– ¡Guapa! -exclamó Neimá Bashari sofocada-. ¿Cómo que guapa? ¡Guapísima! Una flor. Jamás en la vida ha visto usted algo igual -de pronto se echó a llorar amargamente, se levantó y salió de la habitación.
– Seguro que usted sabe lo que hacía su hija habitualmente -le insinuó Michael a Ezra Bashari.
El padre le lanzó una mirada oscura y dura.
– Era la pequeña y entre nosotros es normal… -cerró los ojos-, es normal que la madre se ocupe de esas cosas.
– Pero seguro que usted sabe, así, en general -tanteó Michael.
– Lo que yo sé lo sabe todo el mundo -interrumpió el padre-, también usted sabe que nuestra Zahara trabajaba con el abogado Rosenstein, estaba ahorrando dinero para sus estudios; y eso lo sabía todo el mundo. Y también ganaba algo para pequeños gastos cantando en fiestas. Tiene… tenía una voz especial, muy bonita, profunda, especial. La había heredado de mi madre, que en paz descanse, también ella tenía una voz bonita, y también ella cantaba en las bodas, pero sin cobrar. En su época era una buena obra -con el pulgar largo y fino se tocó Ezra Bashari la verruga grande y oscura que tenía al lado de la ceja derecha, y después se pasó el índice por los párpados, como para borrar con él una visión que había aparecido ante sus ojos-. Todos saben también lo mucho que hizo por el legado yemení, pretendía hacer un museo en la sinagoga, aquí al lado; también eso lo sabe todo el mundo -reprimió un gemido- Y a veces, después del trabajo, Zahara… -se tapó la cara con sus pequeñas manos e inclinó la cabeza- iba -su voz sonó amortiguada por las manos, y el sargento Yair tocó la grabadora- a cantar o se iba al cine como cualquier…
– Pero anteayer, cuando no volvió, ¿dijo algo?
– No, no dijo nada.
– ¿Y eso era normal? ¿Ya había ocurrido antes que…? -preguntó Michael.
– Nunca había ocurrido. Siempre que iba a llegar tarde avisaba. Sabía que su madre no se dormía hasta que ella volvía, y siempre avisaba.

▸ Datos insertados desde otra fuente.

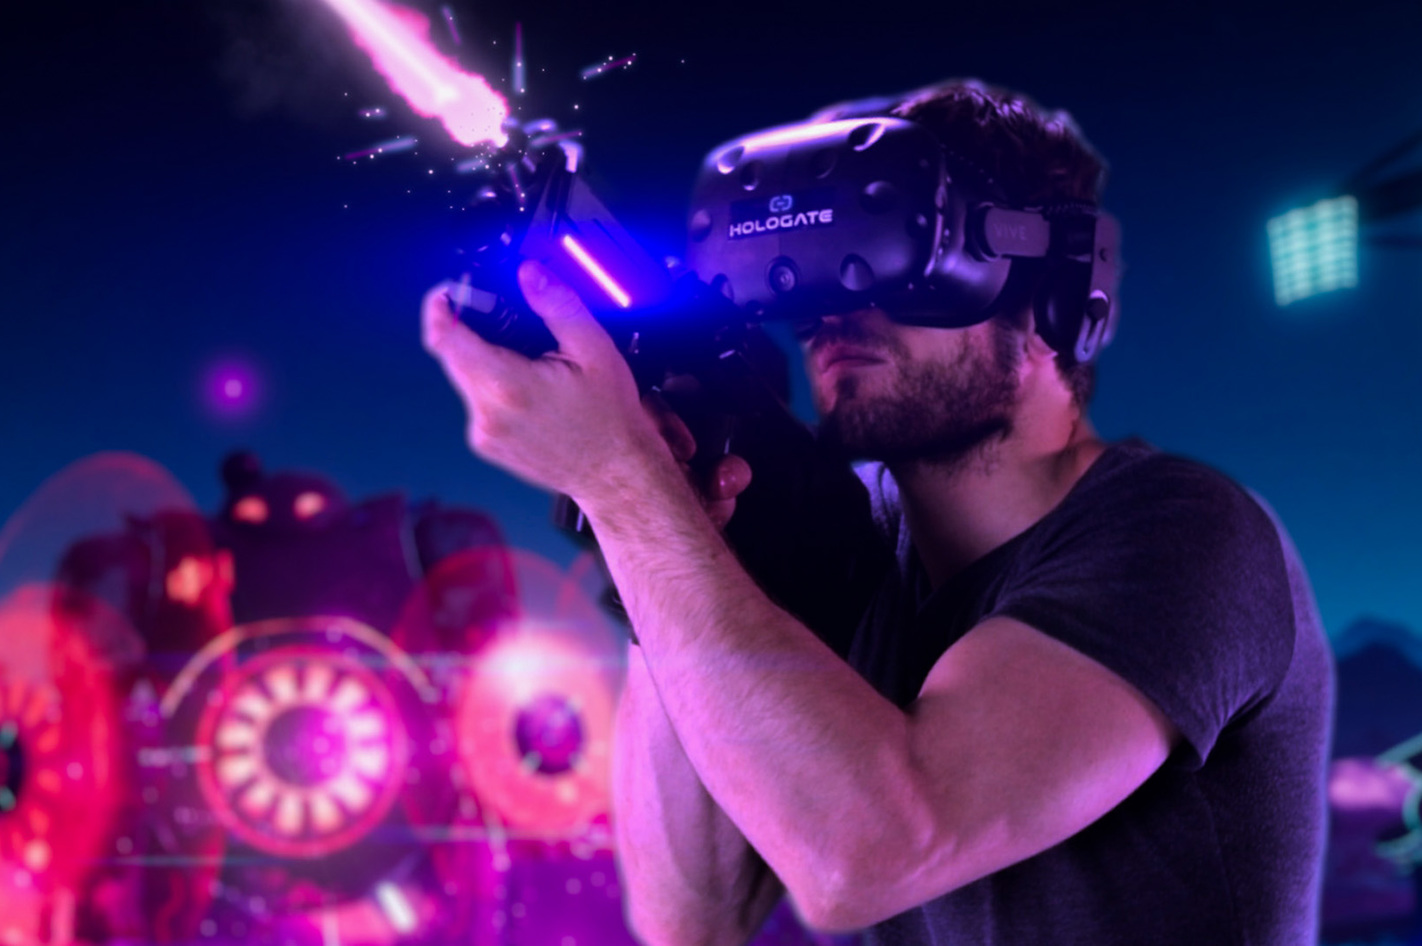 Virtual Reality Spiel Stuttgart

– Quiere decir que siempre se preocupaba de avisar -confirmó Michael.
– Yo no conozco los detalles -suspiró Ezra Bashari-, no se le puede preguntar a una chica independiente de veintidós años adonde va a cada momento, y no quería que se enfadase… Yo quería que se quedara con nosotros al menos hasta que se casase e incluso después, aunque desde que nació estuve ahorrando para comprarle un piso… No se le puede preguntar a cada momento adonde y con quién y cuándo…, son otros… tiempos… Yo sólo sé que por la mañana se iba a trabajar.
– Señor Bashari -dijo Michael con delicadeza-, usted sabe que no hemos encontrado su bolso ni su agenda, seguramente tiene… tenía otra agenda donde anotaba todo lo que tenía que hacer.
– No lo sé -suspiró Ezra Bashari-. Seguro que piensa que yo… que no tenía interés, pero no es cierto. Le prestaba atención a lo que me contaba. Tiene… tenía… sólo con que ella se riese, la casa entera… la calle entera… el mundo entero se llenaba de luz.
– Tal vez podría recordar algunos detalles, algunos hechos -le tanteó Michael.
Ezra Bashari movió la cabeza de un lado a otro.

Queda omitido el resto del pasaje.